Ollie Robinson has been a marked man for many former Australia players with his in-your-face attitude. He taunted the opposition by saying that the visitors were unwilling to go ‘toe to toe’ with England in the first Test, but forgot that there is more than one way to play the game and it were the men under the Baggy Green who had come away with a win from Birmingham.

There is still a lot of cricket left to be played in this game, and England have shown their ability to chase big fourth-innings targets over the last one year or so. Lyon’s absence will also give them hope when they come out to bat a second time.

But they have to do better than just talking a good game.
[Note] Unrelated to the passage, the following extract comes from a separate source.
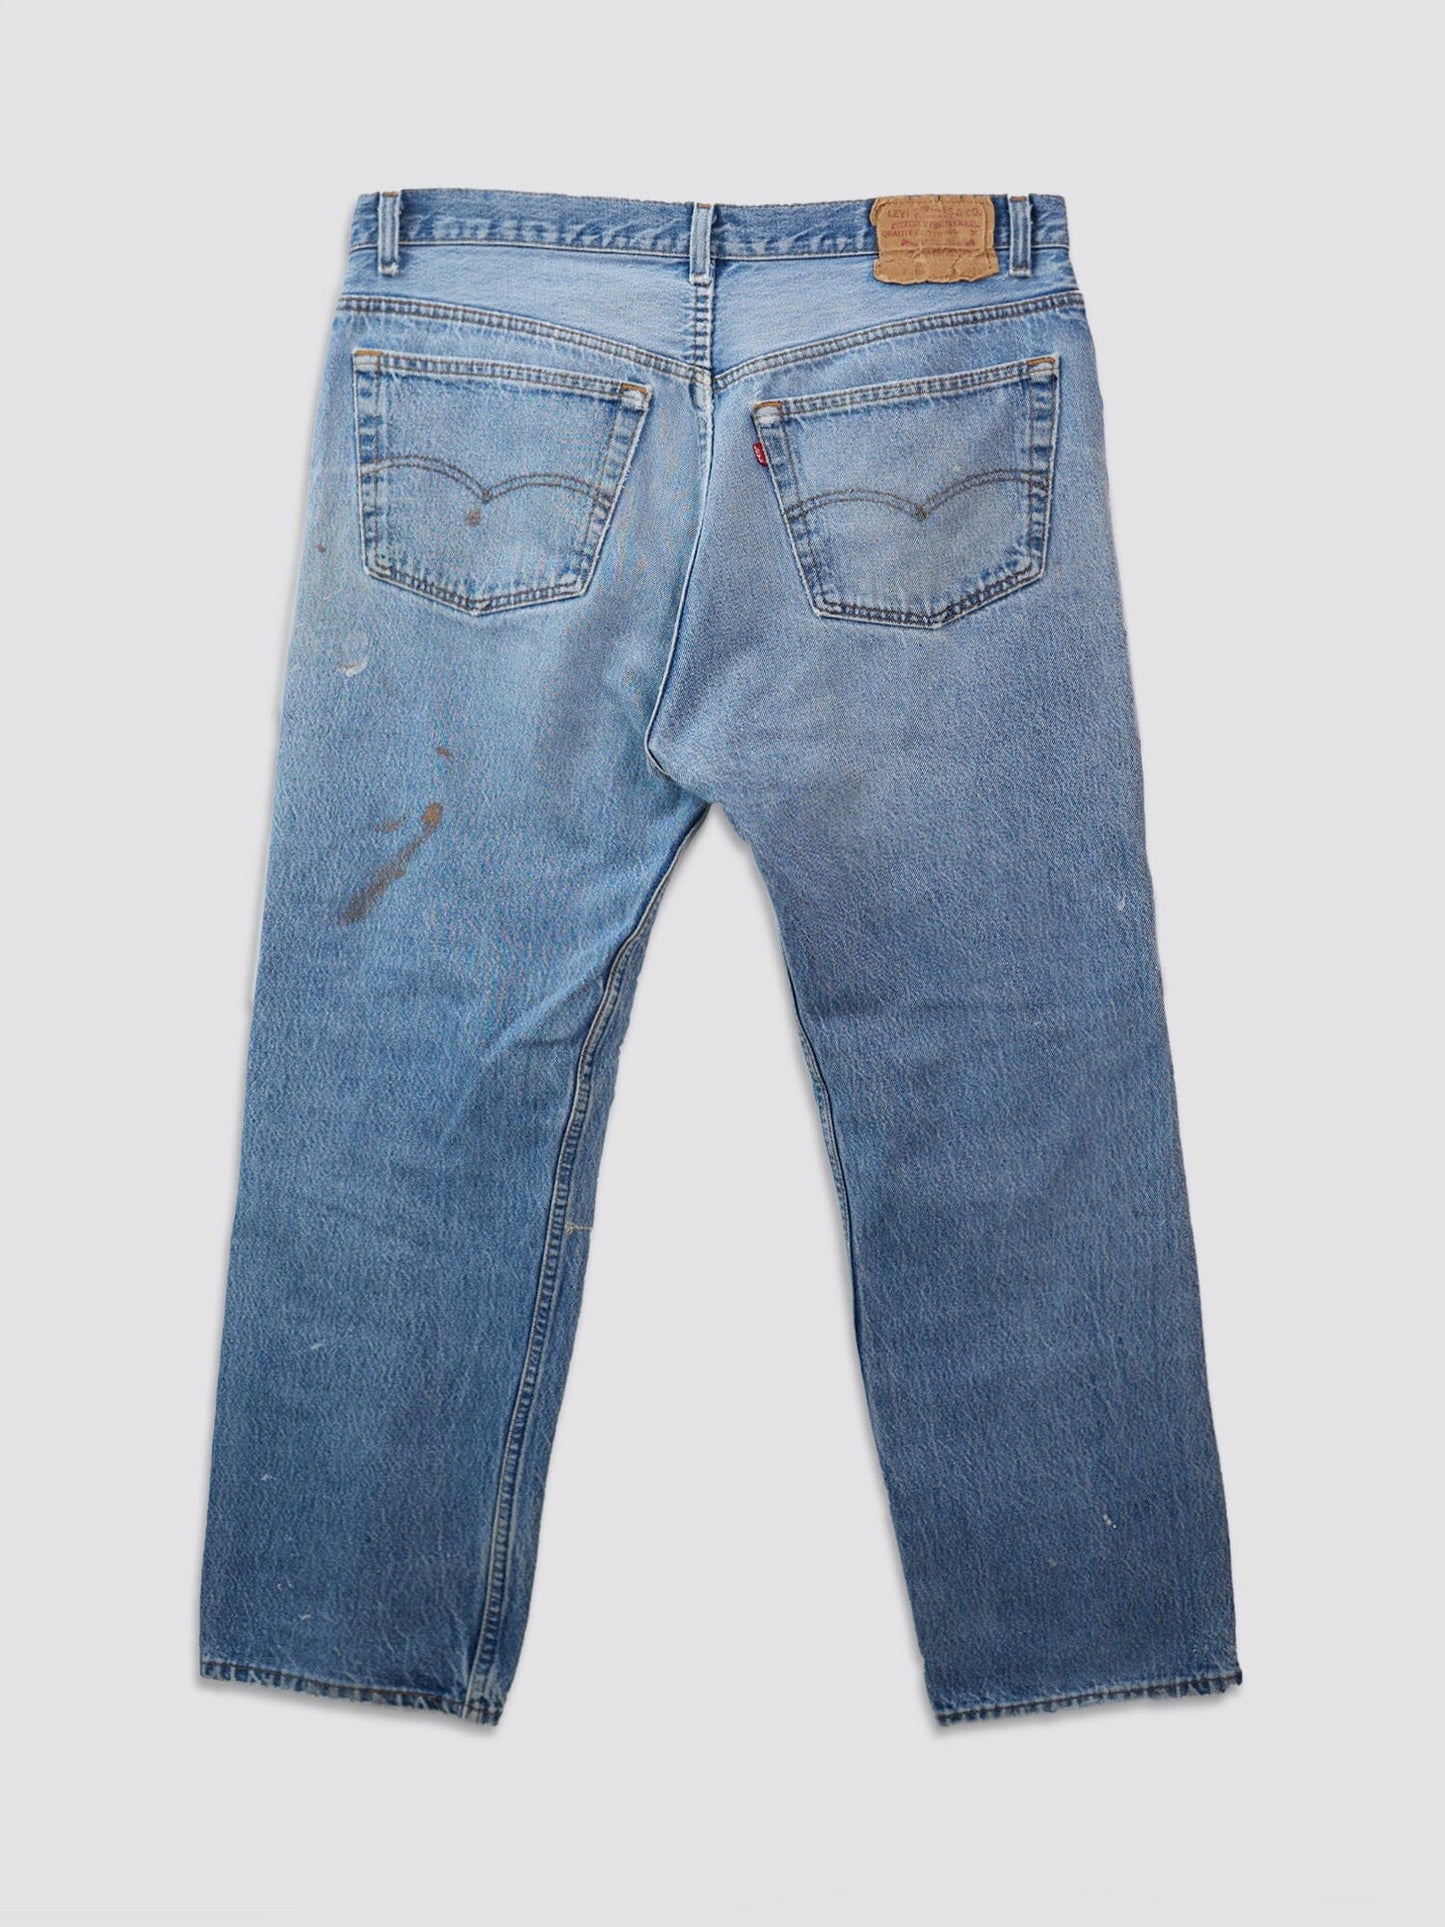 LEVIS 501 1980S REPAIRED RESUPPLY Alpha Industries 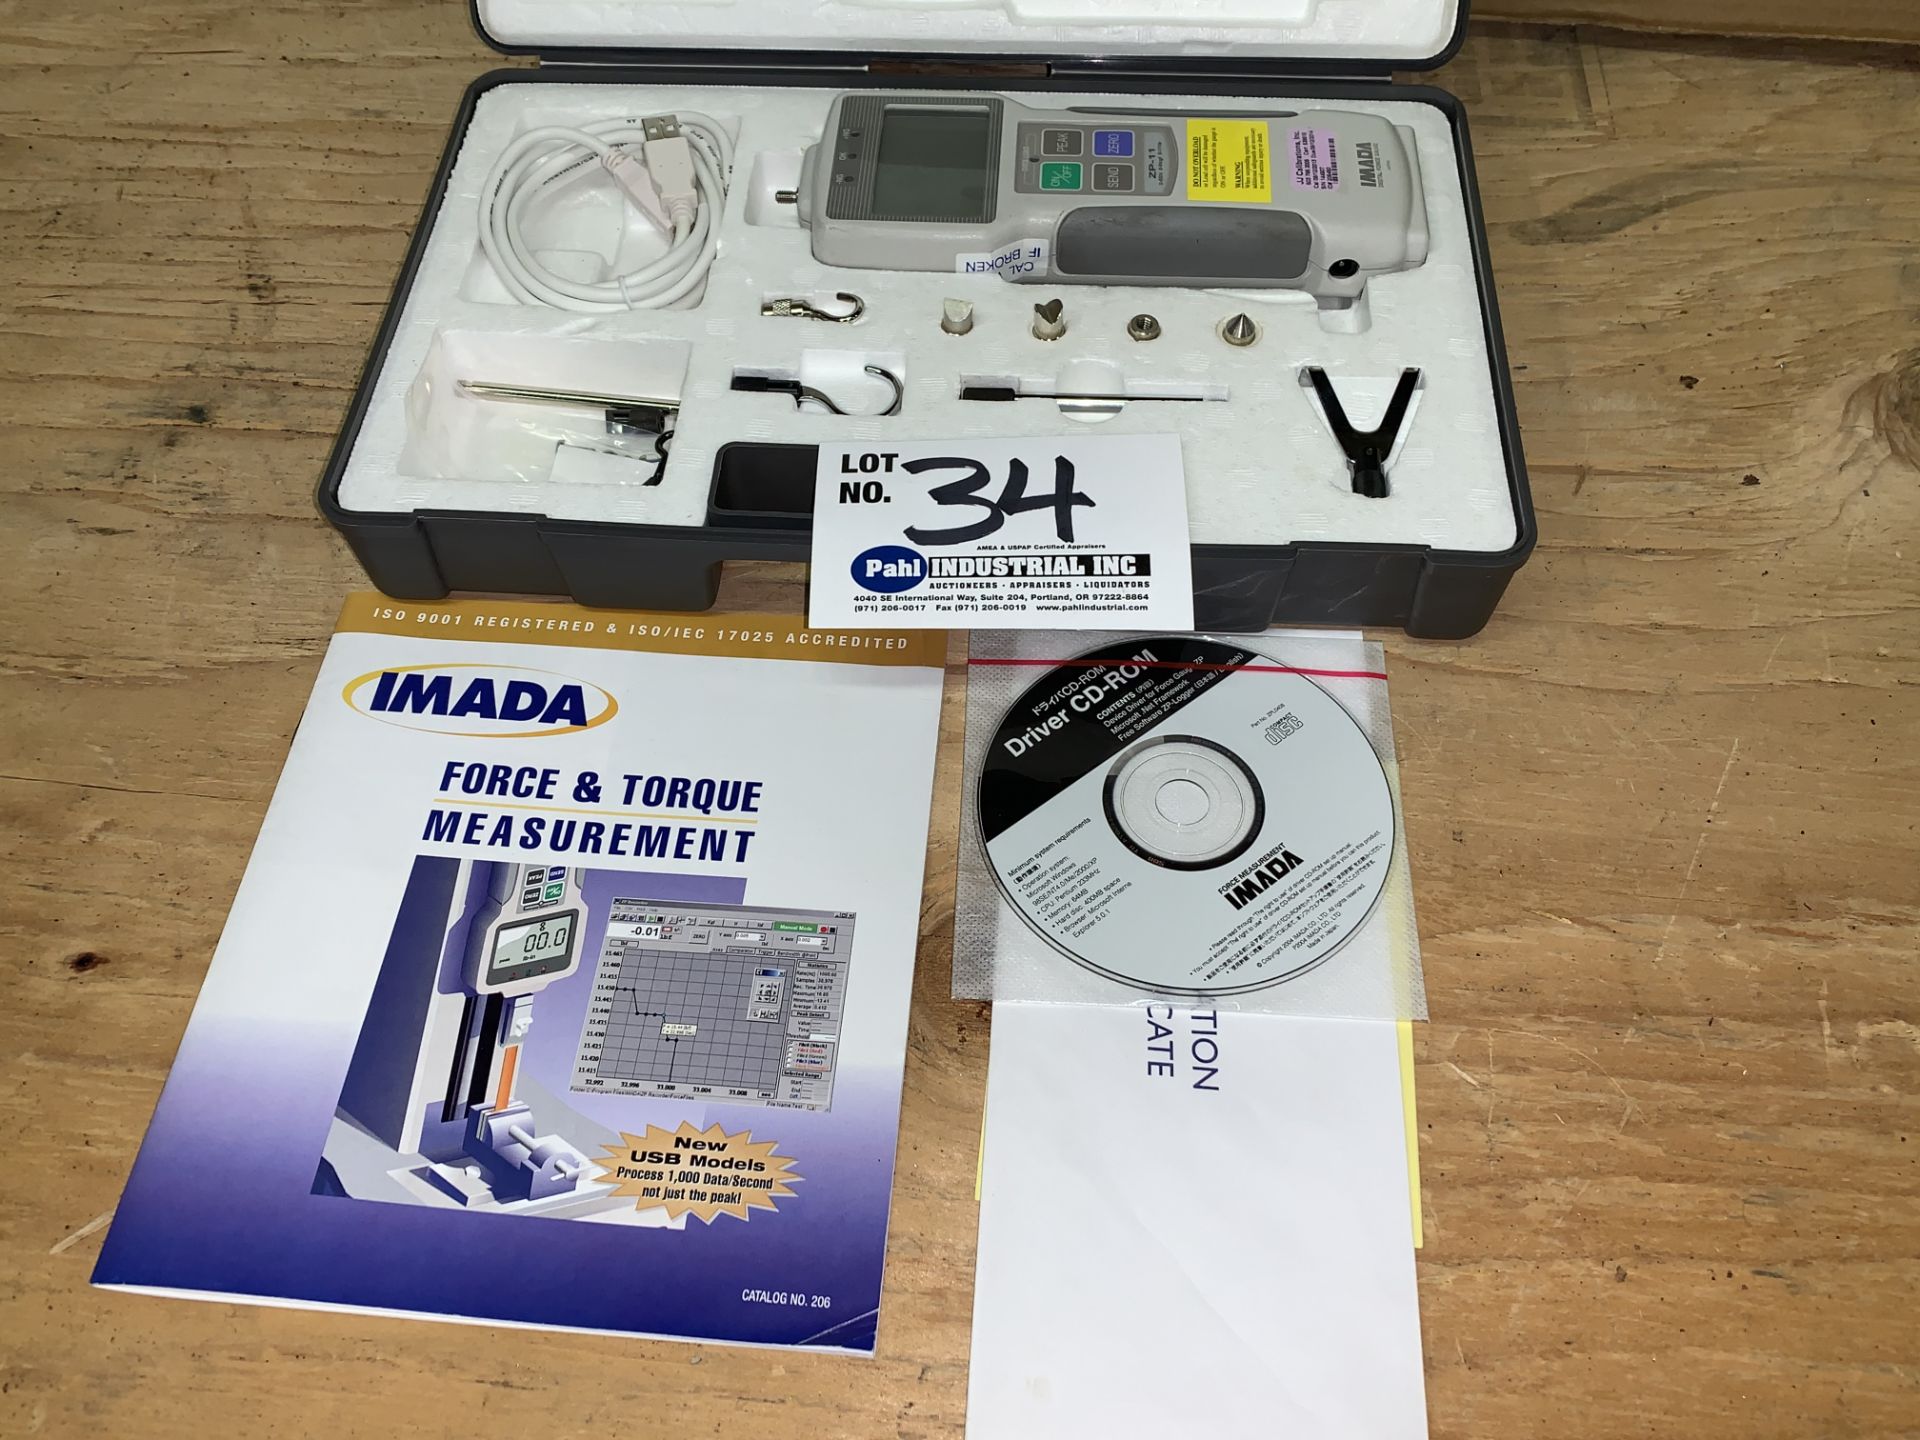 New Imada Force and Torque Measurement Tool with software, instructions, Complete Set

The World Test champions have shown that the old-school virtues of application, grit and tenacity are still applicable to the oldest format of the sport.

For England, the realisation that Bazball and common sense are not mutually exclusive cannot come sooner. They had control over proceedings in the final session on Day 2, with just one wicket lost and nearing 200 runs on the board. Lyon had also gone off injured when they started flapping at Australia’s bumper barrage. If they had played the patient game then, there would have been very few avenues left for Cummins & Co. But England allowed the visitors a way back into the game.

Others could have been excused for lacking in technique and temperament, but Root falling to the predictable mode of attack, not once but twice (he was caught on a Cameron Green no-ball) would have disappointed dedicated England fans.

As things stand, Australia seem to have understood and adapted better to English conditions than the hosts themselves. Stokes’ men have been pushed into a corner and need to find an urgent riposte before the Ashes become a distant dream, and the concept of Bazball being a panacea for all problems is torn into shreds.

Brief Scores: Australia 416 & 130/2 (Usman Khawaja 58 batting; Josh Tongue 1/21) versus England 325 all out (Ben Duckett 98, Harry Brook 50; Mitchell Starc 3/88).